Fig. 14 Profiles of catalyst species from quantitative ³¹P{¹H} FlowNMR (upper) and 1-hexene concentration from quantitative ¹H FlowNMR (lower) during the hydroformylation of 1-hexene under 10 bar of CO/H₂ (1 : 1) at 50 °C catalysed by [Rh(acac)(CO)₂] = 2.5 mM and [PPh₃] = 25 mM in 22.4 mL of non-deuterated toluene using the temperature gradients shown in Fig. 7.

Fig. 15 Comparison of Rh speciation over time during the hydroformylation of 1-hexene under 10 bar of CO/H₂ (1 : 1) at 50 °C catalysed by [Rh(acac)(CO)₂] = 2.5 mM with varying amounts of PPh₃ in toluene as derived from quantitative FlowNMR spectroscopy.

Fig. 16 Commercial Rh complexes commonly used as hydroformylation precursors investigated for their activation behaviour with PPh₃ and syngas in toluene.

Fig. 17 Activation of different Rh precursors (Fig. 16) at 2.5 mM in toluene with PPh₃ and H₂ and/or CO at 10 bar and 50 °C as derived from quantitative FlowNMR spectroscopy.

Fig. 18 Profiles of A/B and substrate during the hydroformylation of 1-hexene under 10 bar of CO/H₂ (1 : 1) at 50 °C starting with [C] = 2.5 mM in 22.4 mL of non-deuterated toluene as derived from quantitative FlowNMR.

Fig. 19 Concentration profiles of hydrido phosphine Rh complexes for the reaction of [2] = 2.5 mM with various equivalents of PPh₃ in 22.4 mL of non-deuterated toluene under 10 bar of CO and H₂ at 50 °C as derived from quantitative FlowNMR spectroscopy.

All these trends continued when increasing the ligand loading further to 20 and 100 equivalents of PPh₃ per Rh: the higher the excess of free ligand the slower the catalysis, and more A/B was pushed into C/D with no acyl intermediate Q or dimers U and V detected during the reaction (Fig. S19 and S20†).

Taking all this data together, quantitative catalyst maps can be built that illustrate the shift in Rh speciation across different conditions. Fig. 15 illustrates the evolution in speciation over reaction time using 1 : 1 H₂/CO at 50 °C for ligand loadings of 1–100 equivalents. Any undetected Rh in this normalised plot either resides in Rh-carbonyl clusters or metallic Rh nanoparticles or deposits.

If the mechanistic relevance of at least the main catalyst species observed is known, such maps can be used to rationalise observations of catalyst activity and stability. In this case, hydroformylation catalysis was fastest with 3–6 equivalents of PPh₃, conditions that produced an observable amount of mono-phosphine acyl intermediate Q along with moderate quantities (<50% of all Rh) of the bis-phosphine hydrido complexes A/B. Conditions with less PPh₃ gave rise to more phosphine-carbonyl dimer V and large amounts of other, uncharacterised Rh-carbonyl clusters, leading to lower hydroformylation activity.
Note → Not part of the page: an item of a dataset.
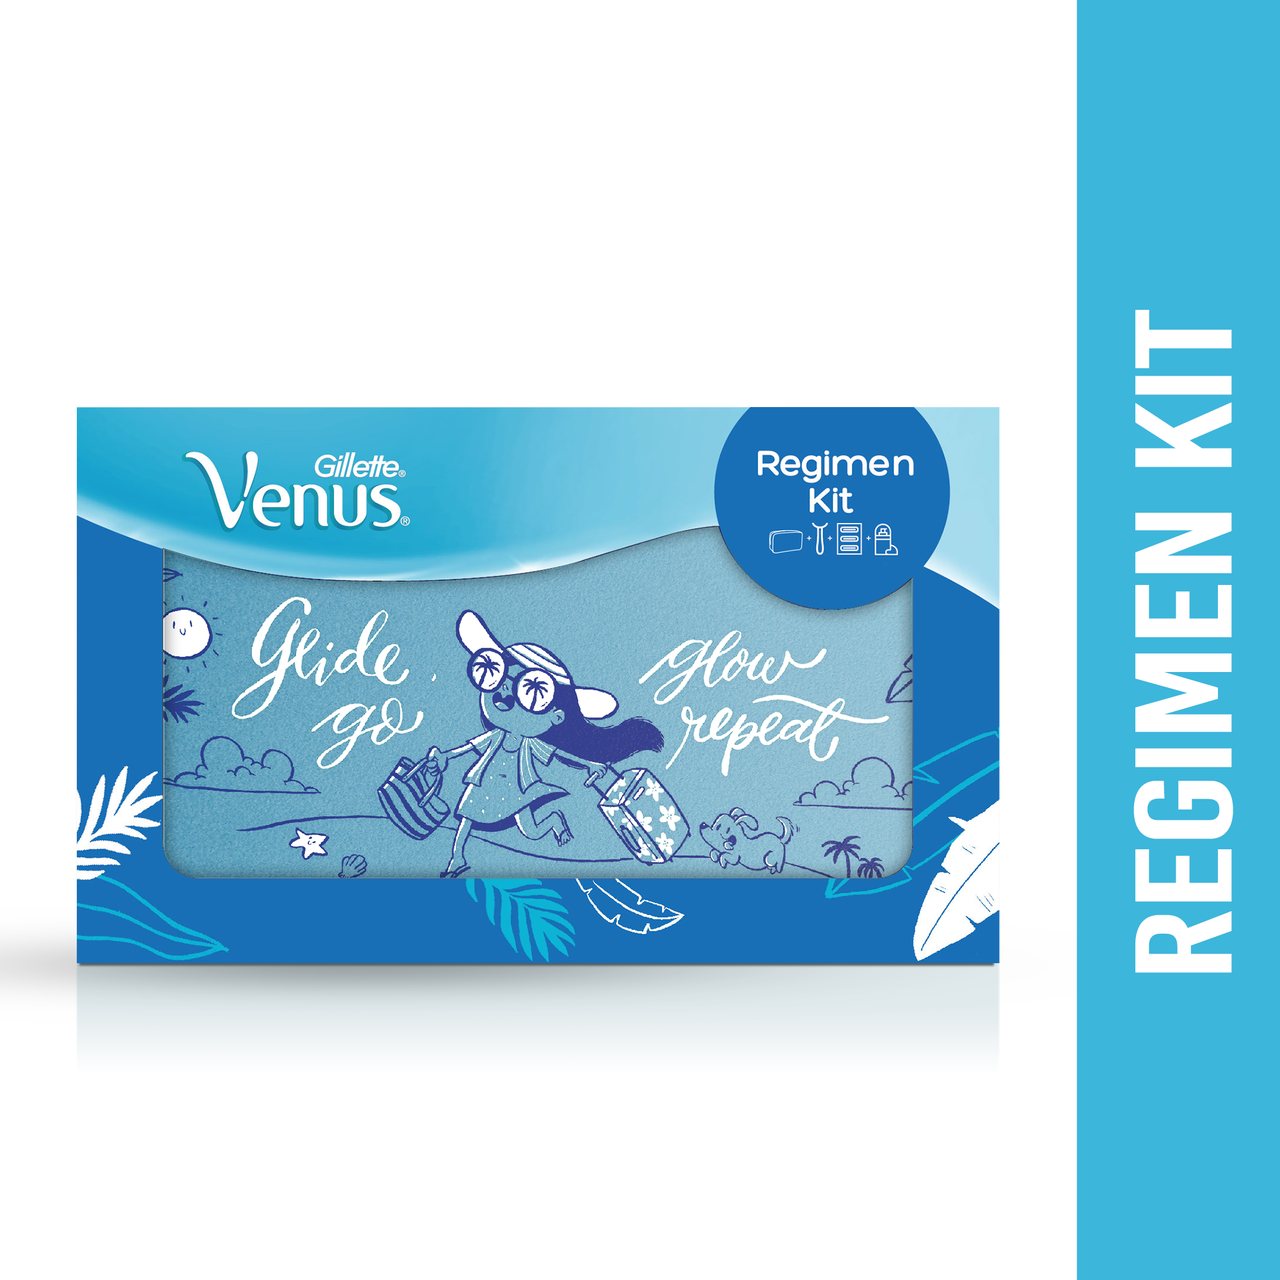 Venus Hair Removal Regimen Kit

Using >6 equivalents of PPh₃ on the other hand decreased the amount of carbonyl dimers and clusters to shift the Rh distribution more into the bis-phosphine hydrido complex A/B, thereby also slowing down the rate of the catalysis. The optimum performance with 3–6 equivalents of ligand can thus be understood as the best compromise between under- and over-coordination of Rh by PPh₃versus the substrates CO, H₂ and alkene. Increasing the H₂/CO ratio can increase catalyst activity further by lowering the amount of competitive carbonyl binding that decreases the rate (see Fig. 13). Changes in concentration, pressure, temperature, ligand and substrate are all expected to shift these effects due to the highly dynamic nature of the catalyst system, but as long as the key intermediates can be detected and reliably quantified the behaviour of the catalytic system may be mapped out in the same way. In the following we briefly investigate precursor activation and catalyst stability in the absence of substrate with the same approach.
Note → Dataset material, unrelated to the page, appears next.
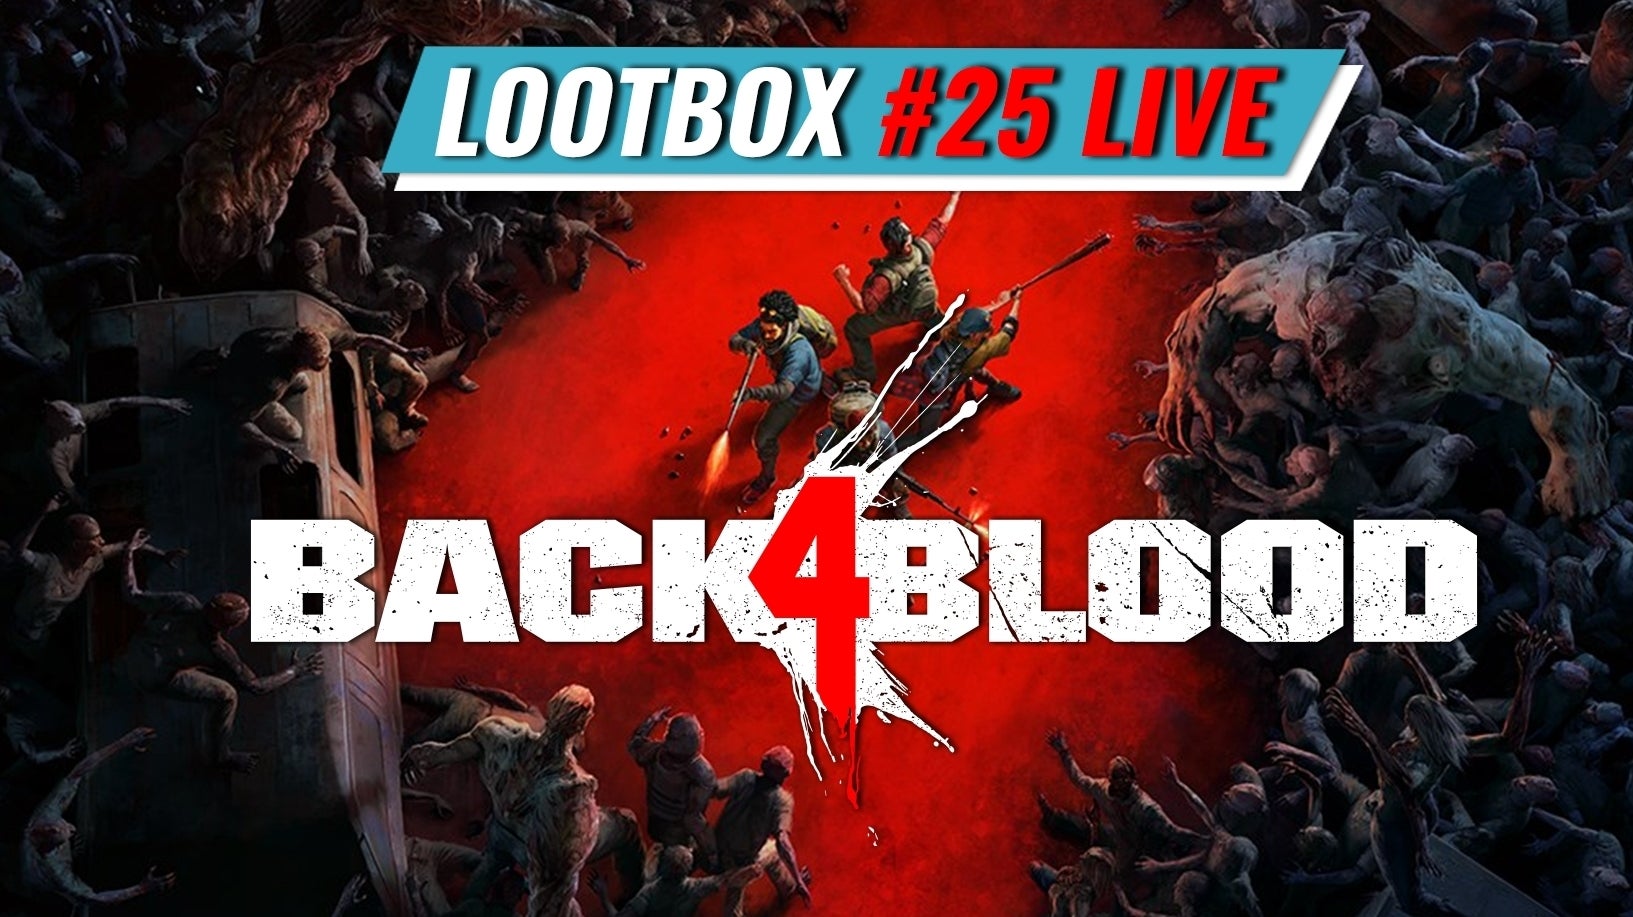 Imagem para Lootbox #25 LIVE - beta Back 4 Blood

2.2.3 Precursor activation. In all previous experiments the activation of the [Rh(acac)(CO)₂] precursor was carried out in situ in the presence of 1-hexene, meaning that activation and hydroformylation catalysis started simultaneously as soon as H₂ and CO were added to the autoclave. Although no significant lag phases in product formation were observed under these conditions, the rise in the formation of the hydrido-phosphine complexes over the first 20–30 minutes of the reaction indicated that precursor activation was perhaps not instantaneous.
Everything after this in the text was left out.